The Indian economy is recovering from the Covid-induced disruption and the full-year contraction is expected to be much better at 7.7 per cent than earlier forecasts. A sharp decline in new infections and increasing mobility should aid the recovery process even in the next fiscal year. The vaccine roll-out will also help contain the spread of the virus and revive economic activity. All this will provide the much-needed comfort to the government in designing future policy interventions, including those in the upcoming Union Budget. However, a recovery from the lockdown lows should not become a reason for the policy establishment to take its eyes off the medium-term challenges. In fact, the nature of the economic recovery itself needs policy attention.

The fact is that the recovery so far has been fairly uneven and is being led by profit growth. This is partly reflected in the rising stock market as well. It is also likely that economic disruption had a disproportionate impact on small-scale businesses because of their limited capability to withstand such shocks. This might have shifted production to relatively large and organised firms. Both firms and households with stronger balance sheets are doing well, but a large part of the economy continues to suffer. This K-shaped recovery may not sustain. Although this is not unique to India, the composition of the Indian economy and the informal sector’s dominance could create more complications.

Besides, the data suggests that informality has grown in the labour market after the pandemic and the economic recovery is not accompanied by a proportionate increase in labour demand. This is also reflected in continued higher demand for work under the rural employment guarantee scheme.
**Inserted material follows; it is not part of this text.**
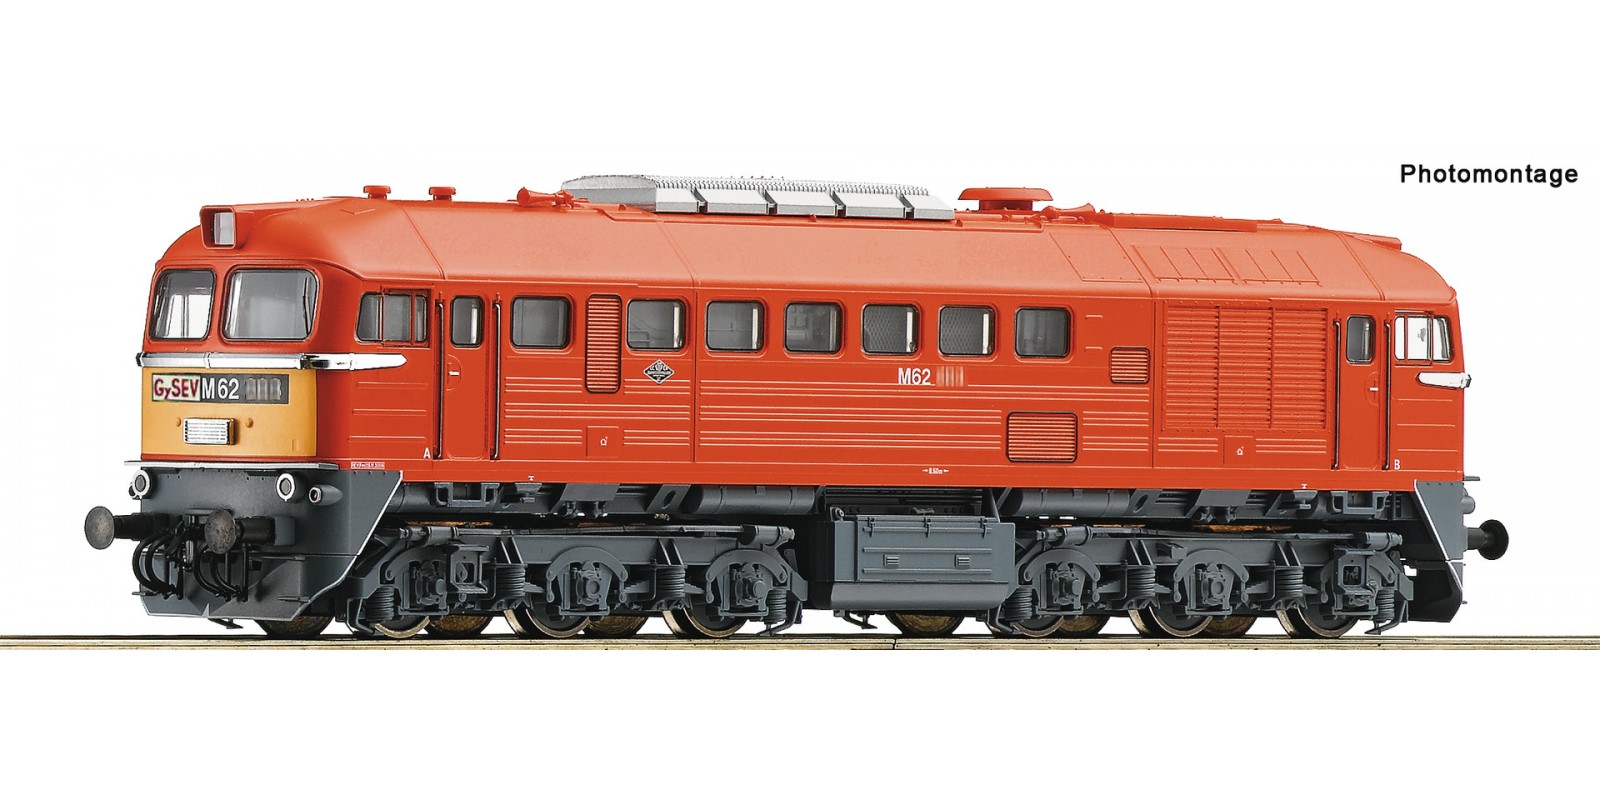 RO73244 - Diesel locomotive M62, GYSEV

While the unemployment rate has come down from lockdown levels, the labour participation rate has declined significantly. The data from the Centre for Monitoring Indian Economy shows that, against the level in 2019-20, employment was lower by about 15 million in December. Further, apart from lower employment, wage incomes have declined — by over 50 per cent in some cases. Corporate results in previous quarters too showed a decline in wage cost for a large number of companies. A lower level of employment and reduced wage income for a large section of the population will have implications for overall demand and affect economic recovery.
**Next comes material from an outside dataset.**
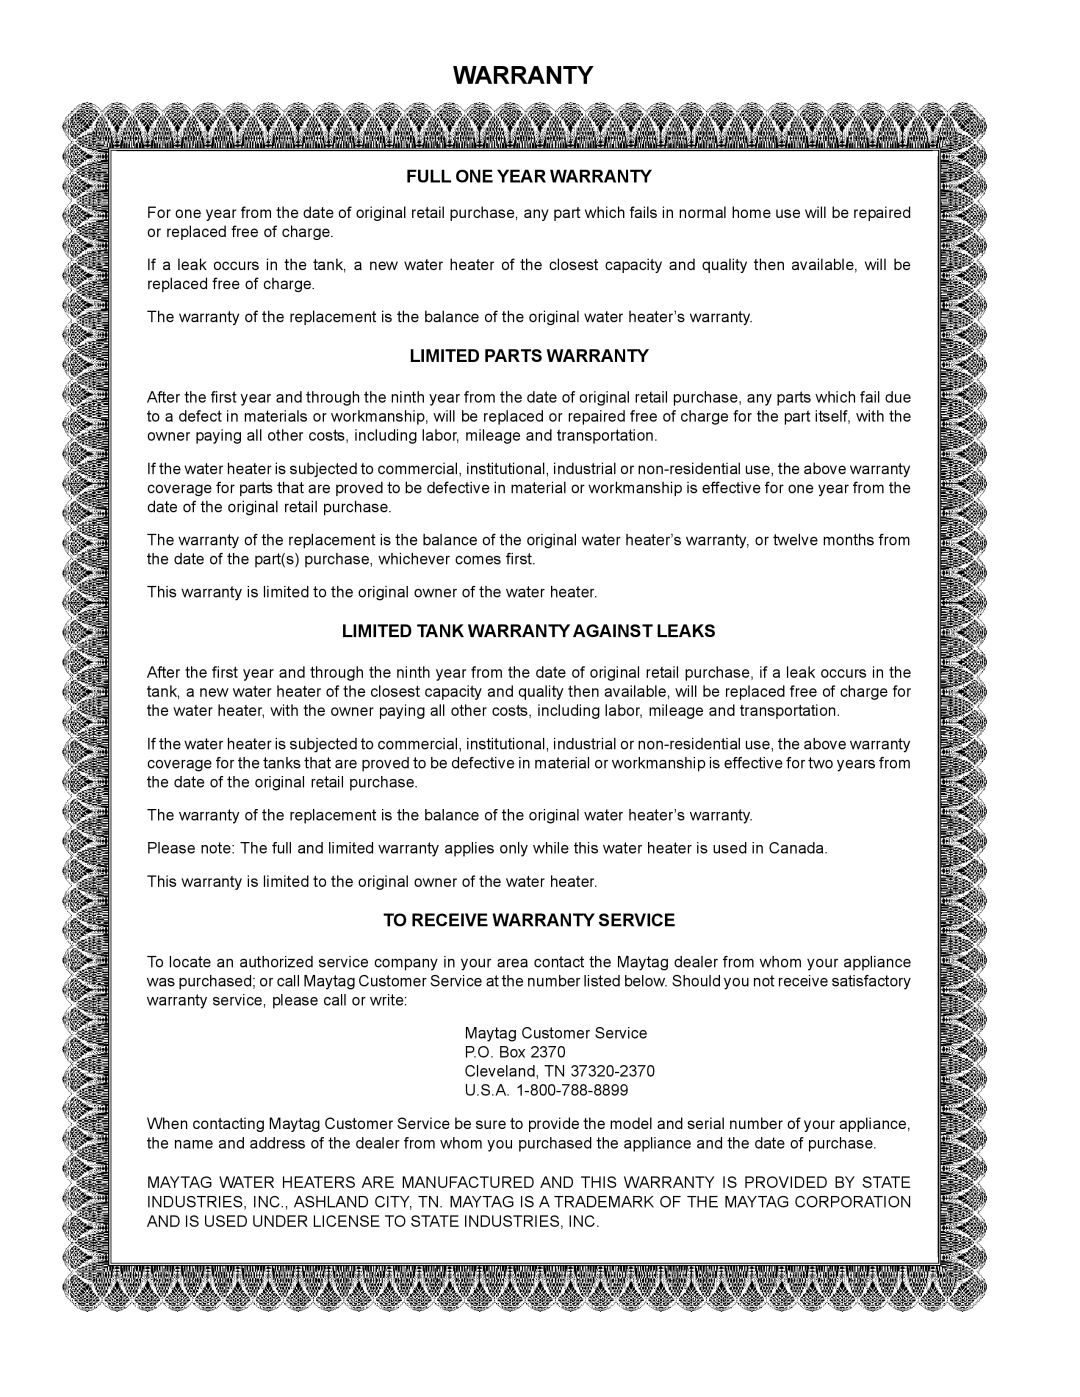 Maytag HXN4975S manual Full One Year Warranty, Limited Parts Warranty, Limited Tank Warranty Against Leaks

Addressing these issues would be a key challenge for the Union Budget, to be presented next week. Reportedly, the government is planning to extend relief to individual taxpayers by lowering the tax outgo. It would be well advised to avoid any such move at this point because it might worsen the problems associated with the ongoing recovery. Tax relief would primarily help households that are in a better financial position. Further, the government is not in a state to forgo revenue. It should also not get carried away with a possible increase in tax collection from a lower base. The government should aim to spend as much as possible in areas like infrastructure in the coming years.

This would not only help increase potential growth in the medium to long run, but also create much-needed jobs at the bottom of the income pyramid, which will generate demand and make the recovery more sustainable.